Design and Evaluation of a Multi-Domain Trojan Detection Method on Deep Neural Networks
This addresses the security vulnerability of Trojan attacks in AI systems, providing a robust defense across multiple domains, though it builds incrementally on prior detection methods.
The paper tackles the problem of detecting Trojan attacks in deep neural networks by introducing STRIP-ViTA, a multi-domain detection method that works across vision, text, and audio domains, achieving 0% false rejection and false acceptance rates for vision tasks and low error rates for text and audio tasks.
This work corroborates a run-time Trojan detection method exploiting STRong Intentional Perturbation of inputs, is a multi-domain Trojan detection defence across Vision, Text and Audio domains---thus termed as STRIP-ViTA. Specifically, STRIP-ViTA is the first confirmed Trojan detection method that is demonstratively independent of both the task domain and model architectures. We have extensively evaluated the performance of STRIP-ViTA over: i) CIFAR10 and GTSRB datasets using 2D CNNs, and a public third party Trojaned model for vision tasks; ii) IMDB and consumer complaint datasets using both LSTM and 1D CNNs for text tasks; and speech command dataset using both 1D CNNs and 2D CNNs for audio tasks. Experimental results based on 28 tested Trojaned models demonstrate that STRIP-ViTA performs well across all nine architectures and five datasets. In general, STRIP-ViTA can effectively detect Trojan inputs with small false acceptance rate (FAR) with an acceptable preset false rejection rate (FRR).
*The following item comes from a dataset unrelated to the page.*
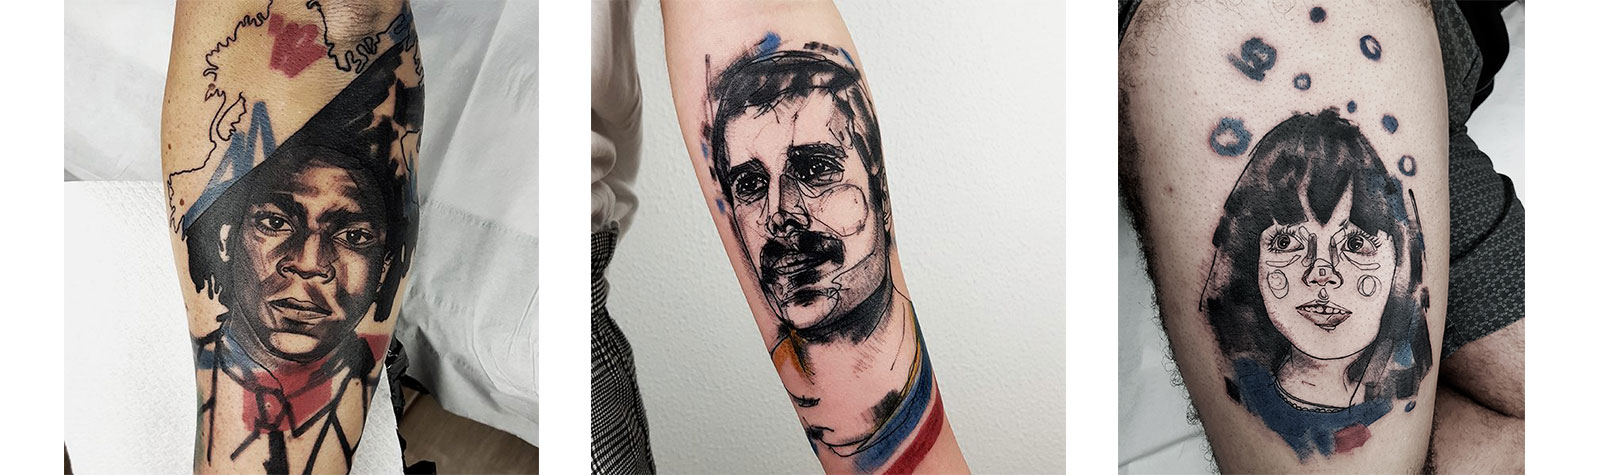 Razões para tatuar retratos – Conheça algumas por detrás desta escolha

In particular, for vision tasks, we can always achieve a 0% FRR and FAR. By setting FRR to be 3%, average FAR of 1.1% and 3.55% are achieved for text and audio tasks, respectively. Moreover, we have evaluated and shown the effectiveness of STRIP-ViTA against a number of advanced backdoor attacks whilst other state-of-the-art methods lose effectiveness in front of one or all of these advanced backdoor attacks.